Agent Blueprints & Profiles
The Swiss AI Hub platform separates agent definitions from their configurations. This lets administrators create multiple customized versions of the same agent type without requiring code changes.
Key Concepts
Agent Blueprint
An Agent Blueprint is a template that defines what an agent can do:
- The workflow steps it follows (what actions it takes)
- The types of inputs it accepts (text, files, images)
- The configuration options available (model selection, parameters)
- The events it produces (what it outputs)

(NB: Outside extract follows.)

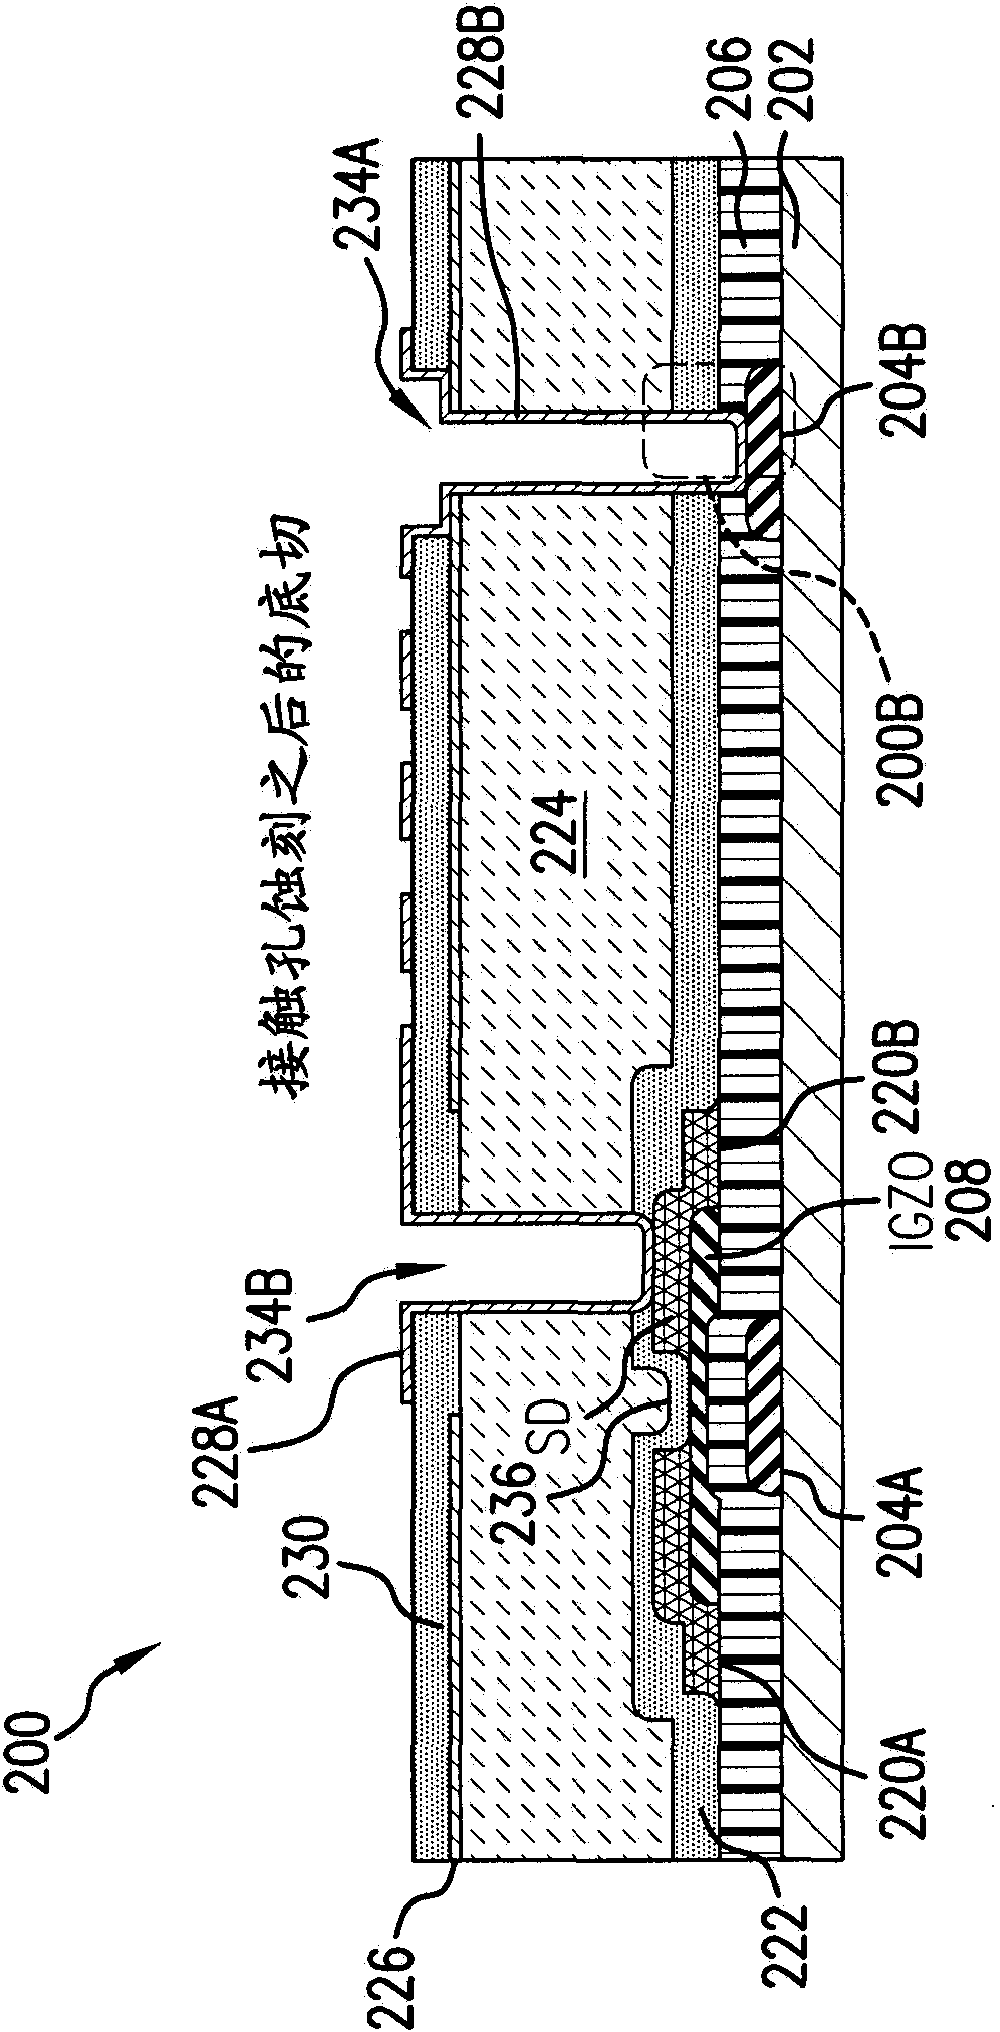 Back channel etching oxide thin film transistor process architecture

Blueprints are created by developers and appear automatically in the platform when agents come online. You cannot modify a blueprint through the UI. Think of blueprints as read-only templates.
Agent Profile
An Agent Profile is a configured instance of a blueprint:
- Has a unique identifier (agent ID)
- Has a custom name, description, and icon
- Uses specific settings from the blueprint's options
- Can be assigned specific permissions
You can create multiple profiles from the same blueprint. Each profile operates independently with its own configuration. For example, from a "RAG Agent" blueprint, you could create:
- "HR Policy Agent" profile configured to search the HR document collection
- "Legal FAQ Agent" profile configured to search legal documents
- "IT Support Agent" profile configured to search IT knowledge base
Each profile is a separate agent that users can interact with.
Managing Blueprints
Viewing Available Blueprints
Navigate to Admin > Agents > Blueprints to see all available agent templates.
Each blueprint displays:
- Name: The blueprint identifier
- Description: What the agent does
- Status: Whether any instances are currently online
- Configuration Form: The settings available for profiles
Blueprint Status
Blueprints show online/offline status based on whether any running agent instances have registered recently. An offline blueprint means no agents of that type are currently running, but you can still create and configure profiles. Those profiles will become active when the agent service starts.
Managing Profiles
Creating a New Profile
- Navigate to the blueprint you want to use
- Click Create Profile
- Fill in the required fields:
- Agent ID: A unique identifier (lowercase letters, numbers, underscores, hyphens)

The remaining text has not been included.